FreeSync has a dynamic refresh rate range of 9–240Hz, so, if Vega was pushing at the low end of the scale, and the 1080 was at the high end side of the Gsync scale, the 'blind' test will still show smooth gameplay between them, but, there will be a huge difference for normal monitor users.
*edit, only 7 days more of speculation!
You don't, that's the point. AMD are trying to show that it doesn't matter if that 20Hz delta exists in the freesync/g-sync environment.In your example, how do you know that it is a 20 Hz delta?
Freesync technology might have that range but the monitors don't. For instance the Asus mx34vq 100hz display has a 48-100Hz range. Still quite a big range but for example 75hz Freesync displays are usually 40-75Hz range.FreeSync has a dynamic refresh rate range of 9–240Hz, so, if Vega was pushing at the low end of the scale, and the 1080 was at the high end side of the Gsync scale, the 'blind' test will still show smooth gameplay between them, but, there will be a huge difference for normal monitor users.
Awesome information thanks.I have you covered. You do have a little work to do to put it all together. Again, JEDEC sign up is free. The specs aren't terrible to read if you know what you are looking for.
SK Hynix Hot Chips presentation. Page 14: Comparison of HBM and other DRAMs.
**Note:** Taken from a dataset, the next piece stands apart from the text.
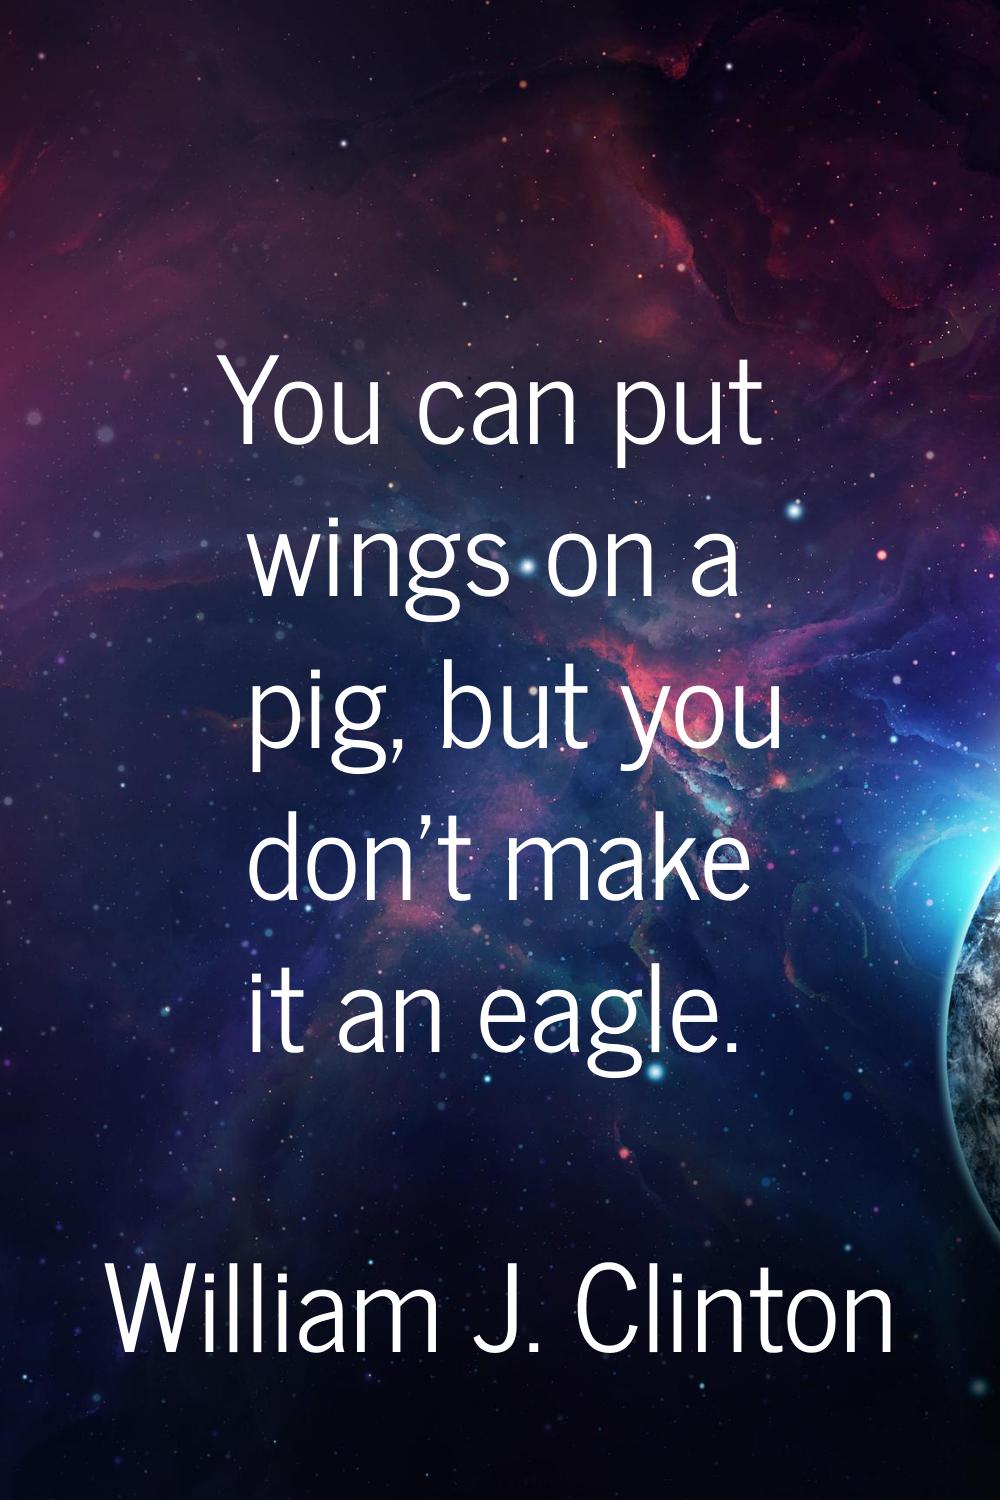 You can put wings on a pig, but you don't make it an eagle.
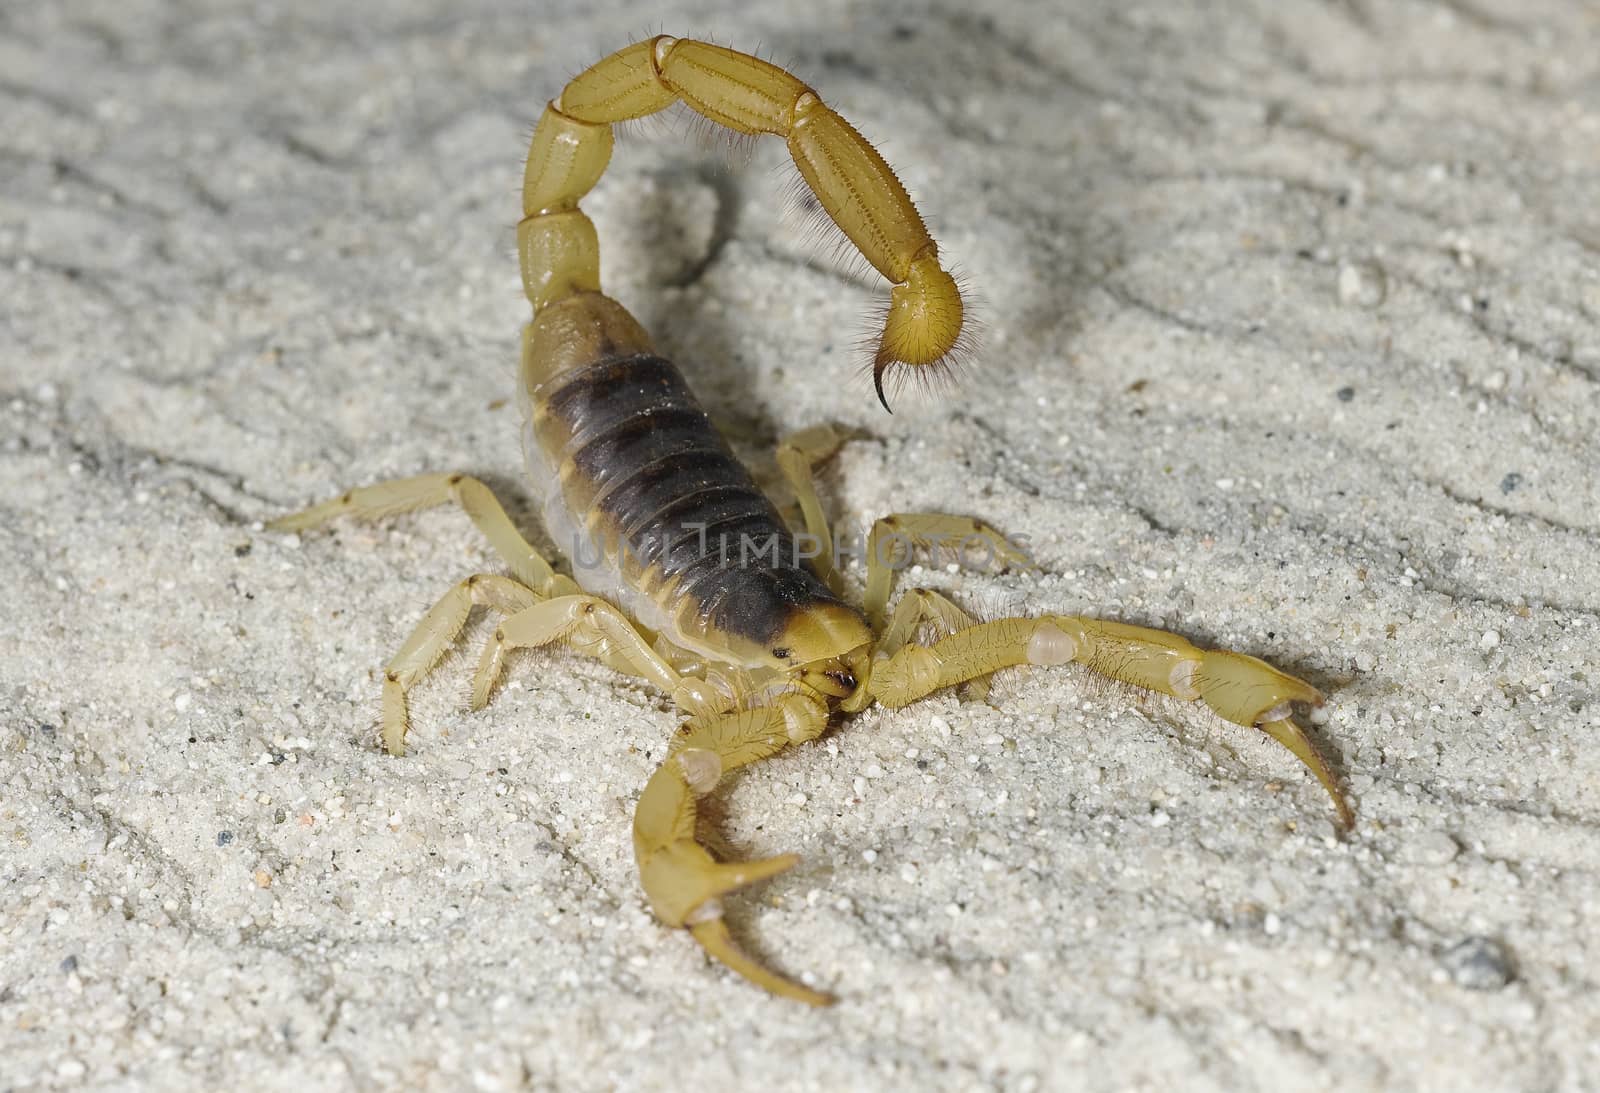 Scorpion with tail up

https://doc.xdevs.com/doc/Memory/HBM/Hynix/HC26.11.310-HBM-Bandwidth-Kim-Hynix-Hot Chips HBM 2014 v7.pdf
Micro Hot Chips Page 9
https://www.hotchips.org/wp-content...-Memory-Horizon-Pawlowski-microni-v1-t1-2.pdf
Didn't know if you saw the embedded GDDR5x deep dive link. It's good stuff also.
http://monitorinsider.com/GDDR5X.html#a-few-basics
This latency vs clock speed "debate" is one of the things that really annoys me about this forum.
As far as the marketing goes it really appears that they are two different companies doing the marketing. It might just be because they are operating from an inferior position with Vega.